Medium Earth Orbits are 1240 miles to under 22,236 miles. At this altitude, the satellites orbit the earth in four to six hours. That extends the visibility overhead to about two hours. GPS satellite operate in this orbit.
Geosynchronous Orbits are satellites at 22,236 miles. It takes a full day to orbit the Earth so the satellite will appear in the same spot of the sky once a day.
Geostationary Orbits are satellites at 22,236 miles and parallel to the equator. Since the satellite is moving at the same speed the Earth is rotating and in the same plane as the rotation, the satellite is in the same spot of the sky all the time. This is the most popular orbit to park a satellite in.
High Earth Orbits are satellites above 22,236 miles. They are not commonly used for our purposes.
Footprints, beams and look angles
A satellite’s footprint is the circular area on the surface of the Earth that is visible to the satellite. This is the potential area of coverage that the satellite can communicate with. Areas directly under the satellite will receive a stronger signal then those on the fringe areas due to the increased distance and atmospheric interference.
Satellite operators want efficient use of their equipment so they use beams, or specifically focused transceivers, to cover areas within the footprint. Imagine a satellite positioned above the equator roughly centered on the United States. The satellite operator’s intended audience is maritime users. They would focus the beams toward the waters of the Atlantic, Pacific, Gulf and Great Lakes; and away from inland areas knowing that there are few oceangoing freighters in Colorado.
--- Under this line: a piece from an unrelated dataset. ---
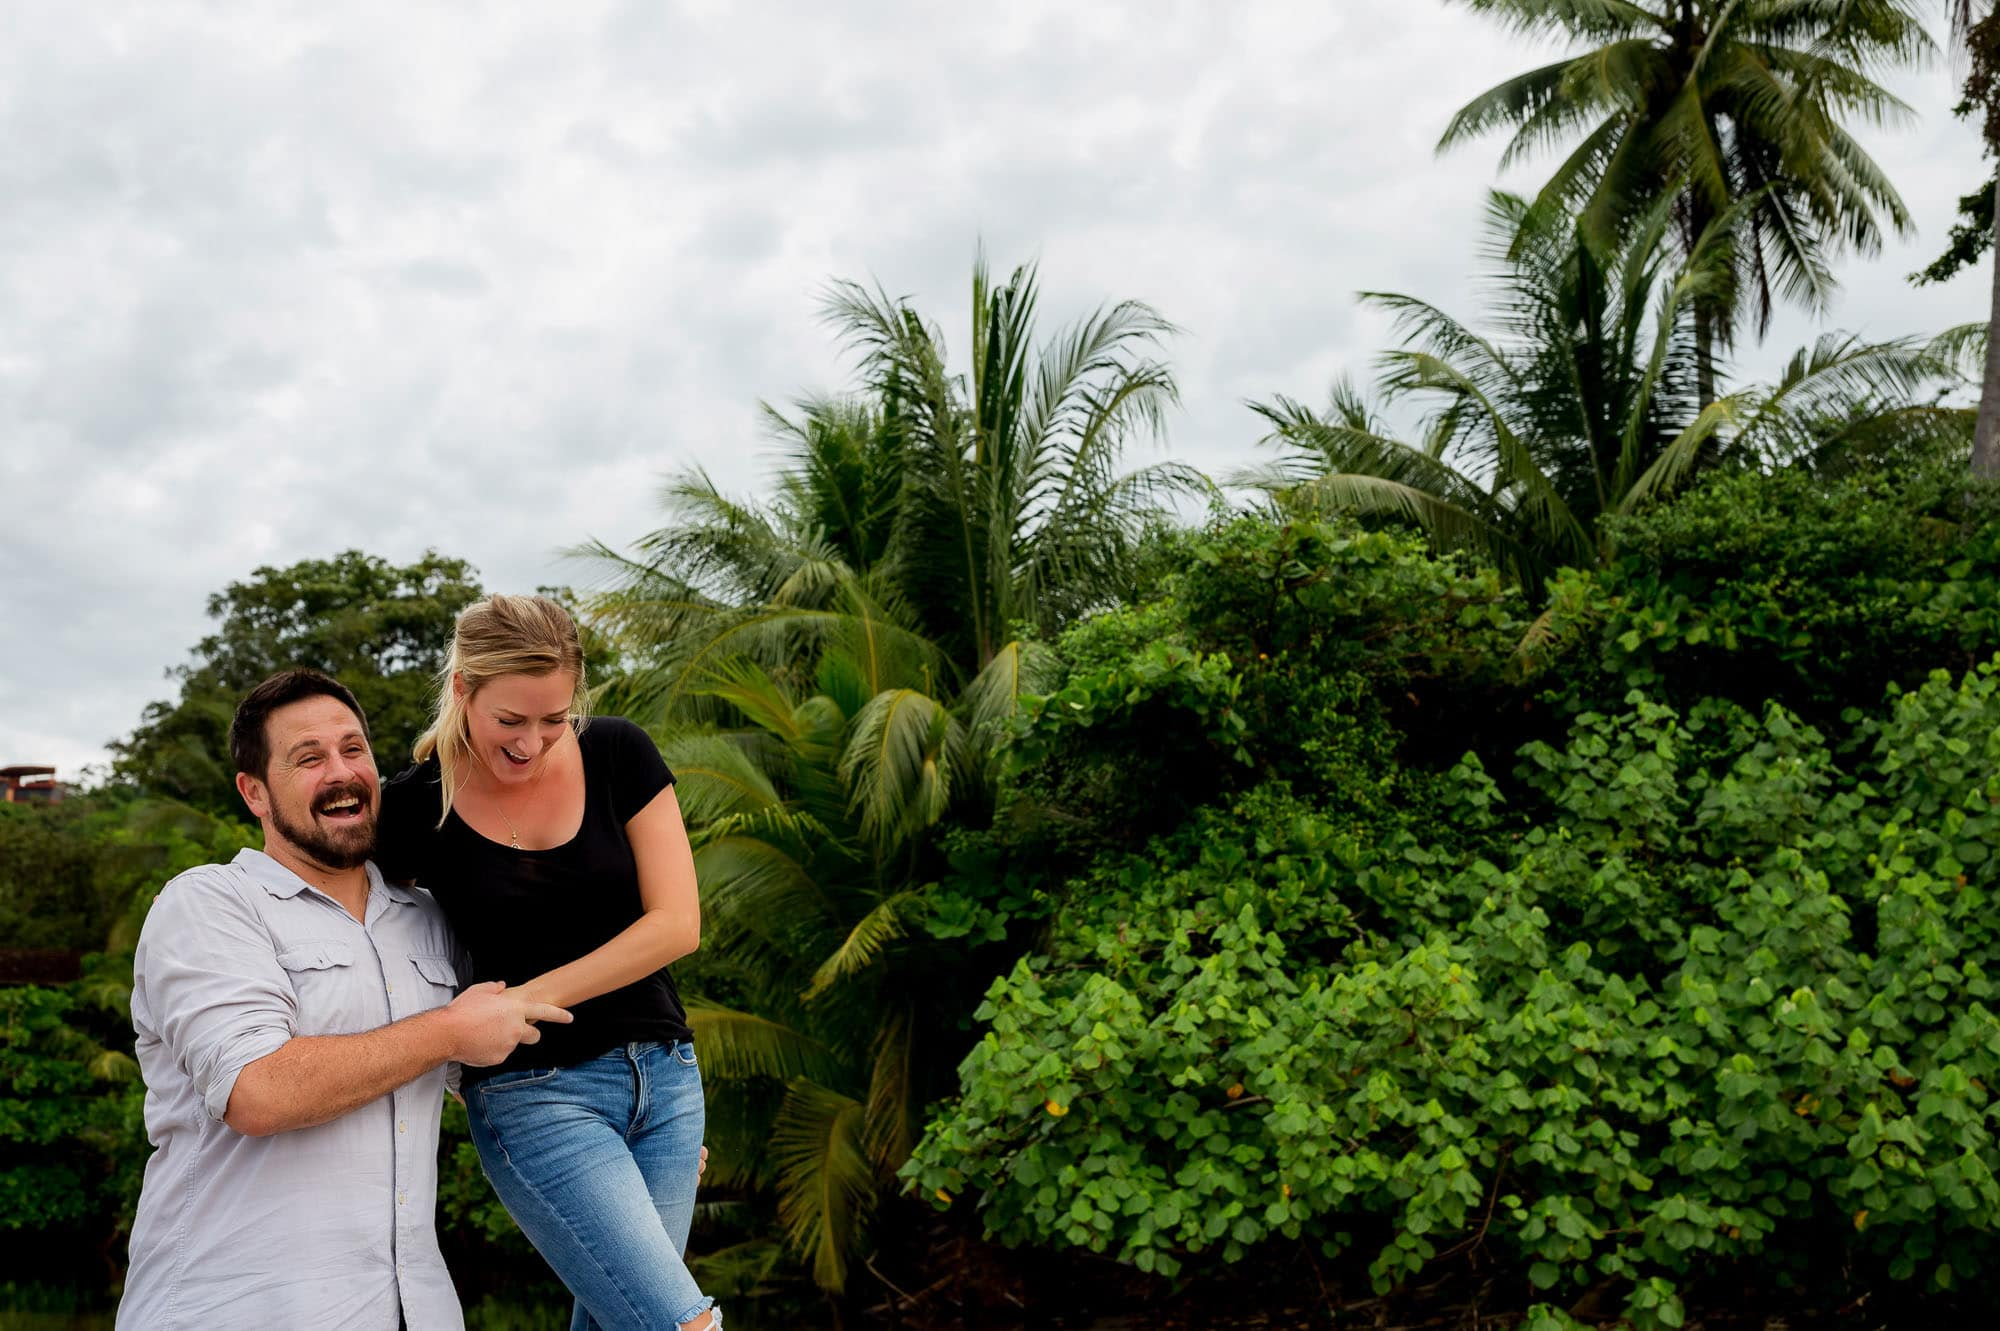 engagement photos in costa rica
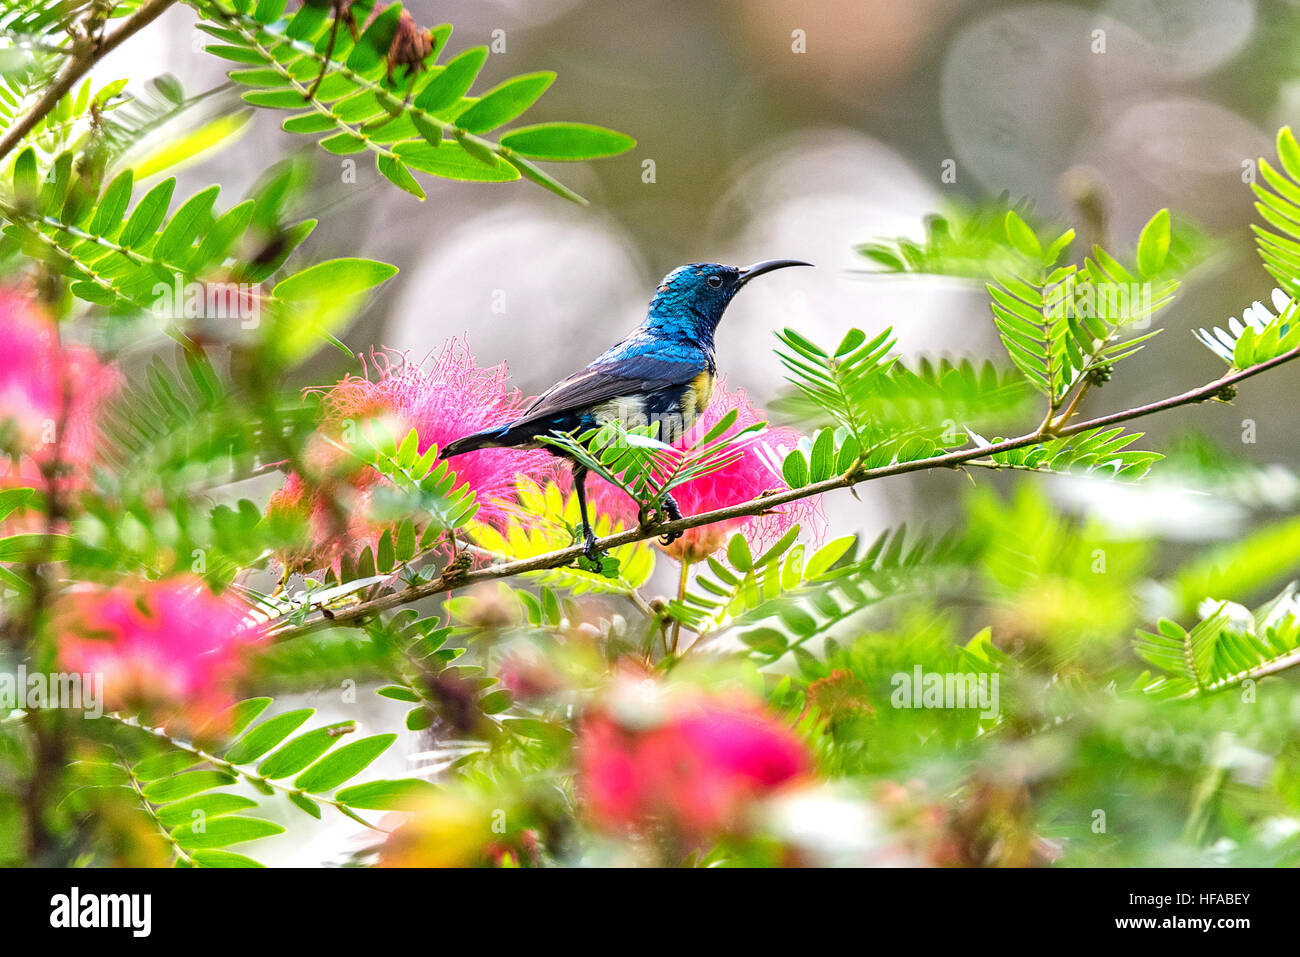 Colorful Sun-bird. - Stock Image

No energy is wasted trying to fill a part of the satellite’s footprint where it will never be used. When evaluating a satellite for use, you need to consider the beams and not the total footprint.
The more transceivers a satellite has, the more traffic it can handle at simultaneously. Satellite operators rate their satellites by the total cumulative traffic it can handle simultaneously through the entire satellite. The other factor when evaluating service is how much traffic a specific beam can handle. In normal daily use, it is hard to overload a single spot beam as the resources are geographically dispersed. A catastrophic disaster will bring many of these resources to a single geographical location; all trying to use the same beam. That is when the beam will be overloaded.
Outages and overloads on satellite services are common during major hurricanes such as Katrina, Rita, Gustav and Ike. This is most common on shared satellite services. Consider the satellite user density that occurs with the convergence of local, state and Federal responders; media and observers; utility companies restoring service; private companies COOPing; and NGOs, CBOs and FBOs responding as well. Many of these rely on some form of satellite service. Paying for dedicated satellite airtime is quite costly especially when they only use it occasionally. Now that a disaster has occurred, they all want to use it at the same time. In many ways, a satellite in orbit is similar to a cell tower: they are designed to maximize revenue efficiently for normal use, and extreme circumstances quickly exceed the designed capacities.
Finding a satellite in the sky is done through look angles. These measurements are unique based on the observer’s location. With geostationary satellites, the look angles will remain constant so long as the observer’s location remains constant. A look angle is made up of three parts: the azimuth, elevation and polarization. The azimuth is the compass direction (0-360°). The elevation is how high to look up (0-90°). Polarization is rotating the transmitter to align the radio waves with the satellite.
Here’s an exercise. Imagine that we are using Intelsat’s G-18 satellite located at 123° West. This is a geostationary satellite so we know that it will be above the equator and 22,236 miles up. 123° West is near the California coast. If we are in San Francisco, the azimuth would be 180° and elevation 46°. The higher the elevation, the easier it is to clear tree and other obstacles. Move to St. Thomas, USVI; the azimuth is 258° and elevation is 22°. St. Thomas is an island with hilly peaks in the middle so a satellite shot is unlikely from the NE side of the island due to the low look angle. Change our location again to Boston; the azimuth becomes 242° and elevation drops to 19°. The same situation occurs in Maine where the elevation is very close to the horizon. We were lucky during an operation in Maine and setup headquarters at a military airbase that had a runway near the same angle we needed.
Bands and frequencies
Just as two-way radios have a number of different bands with difference characteristics, so do satellites. Satellites operate at higher frequencies then two-way radios. A number of these frequencies are shared with terrestrial services. For example, the S Band (2-4 GHz) includes both satellite radio (Sirius), and Wifi and Bluetooth signals.
Inmarsat BGANs operate on the L-band (1-2 GHz). These are small, easy to point and decent global coverage. The major issue with BGANs is the low data throughput (32 to 256 kbps) and high cost.
C-Band (3.7-8 GHz) is well known for the “direct to home” TV signals using larger dishes of 2 – 3½ meters in diameter. The downside is that C-band has power restrictions and receives interference from microwave services.
Ku-Band (12-18 GHz) doesn’t have the power restrictions of the C-band and is used by the DirecTV system. The main challenge of Ku-band is the nearness to the resonant frequency of water. This means that water absorbs radio waves reducing the strength of the signal. This is commonly called rain fade. If you have DirecTV, you’ve experienced this when your signal goes out during heavy rain storms. The wavelength absorption peaks at 22.2 GHz. For non-technical purposes, think of it this way: The subscript U representing being under this peak. The subscript A of the Ka-band represents being at or above this peak.
These characteristics are important considerations depending how satellite service will be used. A Ku-band service will not help you for communications during the storm, but it will have the fastest speeds before and after the storm. The C-band could work in the storm, but the size of the dish makes portability unlikely and temporary setups risky in high winds. L-band will get through nearly all the time, but only a relatively slow speeds and high cost.